1. Burns

2. Thermal burns
• Significant thermal burns occur in 0.5% of the population every year.
• Thermal burns tend to occur in:
• The young
• The old
• The unlucky

3. Zones of injury
Jackson has classified thermal burns into three zones of injury.
1 An inner zone of coagulative necrosis
2 An intermediate zone of stasis
3 An outer zone of hyperaemia.

4. Pathophysiology of burn injury
Local effects
• Inflammatory mediators are released from:
• The capillary wall
• White blood cells
• Platelets.
• These inflammatory mediators result in vasodilatation and increased vessel
permeability.
• This leads to fluid loss from the circulation into the interstitial space.

5. Systemic effects
• Systemic effects occur if the burn covers more than 20% of the total body surface
area (TBSA).
• The systemic effects of a burn include:
• Hypovolaemia
• Immunosuppression
• Catabolism
• Loss of the protective function of the gut
• Pulmonary oedema.

6. Inhalational injury Factors suggestive of inhalational injury
Inhalational injury is suggested by the following.
• The history of the incident
• A fire in an enclosed space
• The patient lying unconscious in a fire
• Symptoms:
• A hoarse or weak voice
• Increasing stridor
• A brassy cough
• Restlessness
• Respiratory difficulty
• Signs:
• Soot around the mouth and nose
• Singed facial and nasal hair
• A swollen upper airway
• Hypoxia
• Pulmonary oedema
• The development of adult respiratory distress syndrome (ARDS).

7. Types of inhalational injury
Supraglottic
• This is caused by heat.
• If this injury is suspected, it is imperative to secure the airway before further
swelling develops.
• A tracheostomy should be considered in severe cases.

8. Subglottic
• This is caused by the products of combustion.
• Patients with this injury may require respiratory support, which may consist of:
• Humidified oxygen
• Intubation to allow bronchial toilet
• Intermittent positive pressure ventilation (IPPV).

9. Systemic
• This may result from the inhalation of carbon monoxide (CO) or cyanide.
• These patients may require respiratory support.

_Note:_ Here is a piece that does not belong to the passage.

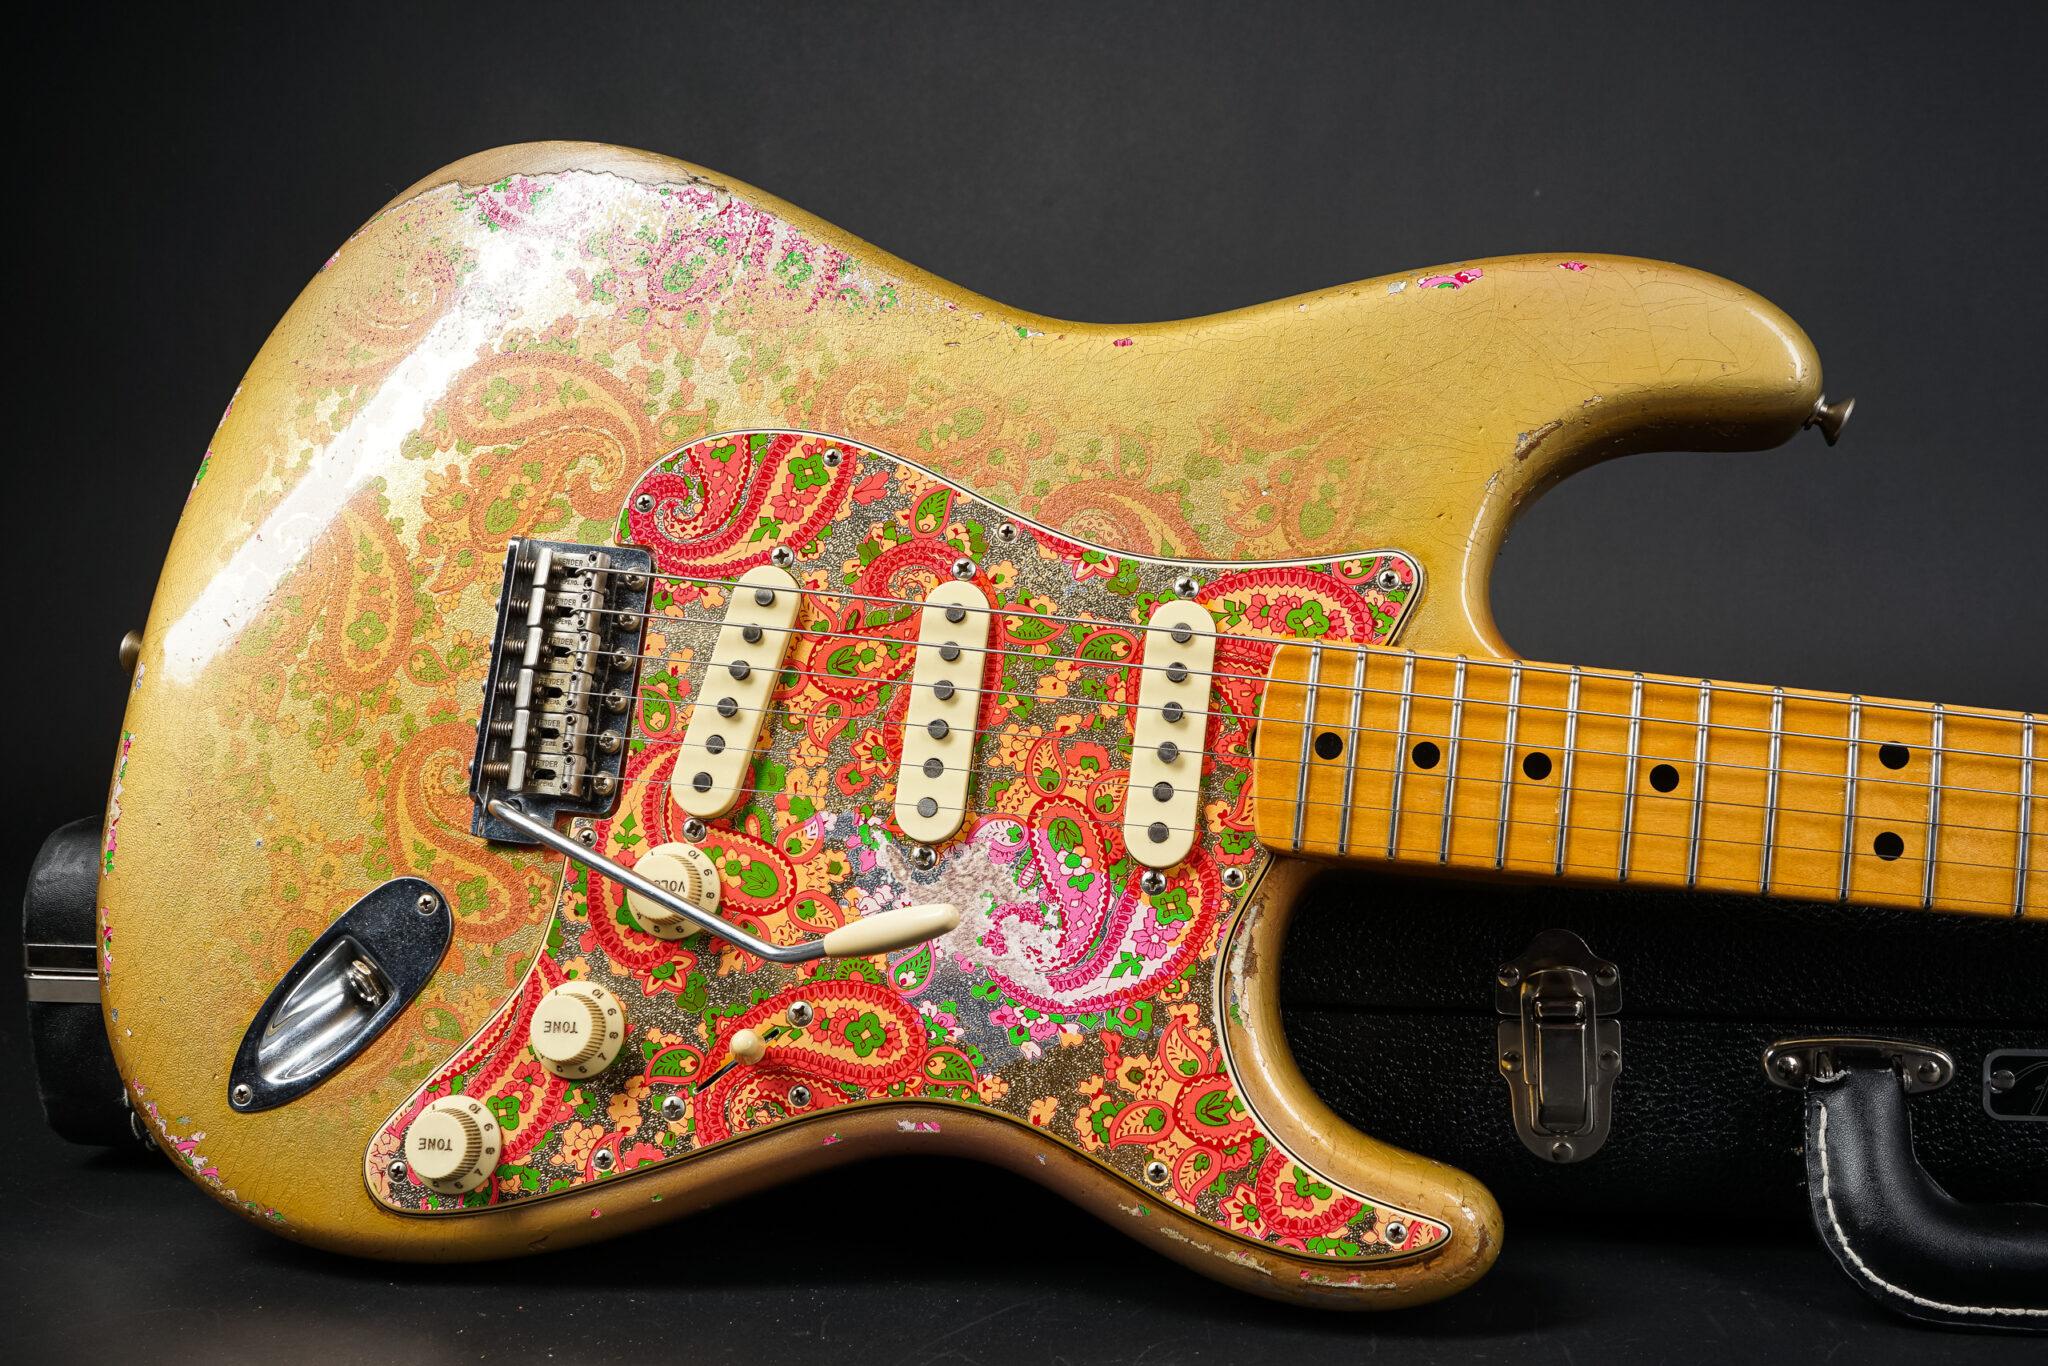 https://guitarpoint.de/app/uploads/products/2017-fender-dale-wilson-masterbuilt-1969-gold-paisely-stratocaster/2017-Fender-MBDW-Paisley-Gold69-Strat-CZ533204-9-2048x1366.jpg

10. Carbon monoxide poisoning
• CO has 250 times the affinity for haemoglobin as oxygen.
• The half life of CO in patients breathing room air is 250 min.
• The half life of CO in patients breathing 100% oxygen is 40 min.
• CO binds to the intracellular cytochrome system, producing sick cell syndrome.
• CO levels of 0–15% may be present in smokers or truck drivers.
• CO levels of 15–20% result in headache and confusion.
• CO levels of 20–40% result in hallucinations and ataxia.
• CO levels of 60% are fatal.

11. Treatment
• CO poisoning should be treated with 100% humidified oxygen, delivered at
8 L/min through a non-rebreathing mask with a reservoir.
• It important to continue 100% oxygen treatment for 48 h following injury, as a
secondary release of CO occurs from the cytochrome system.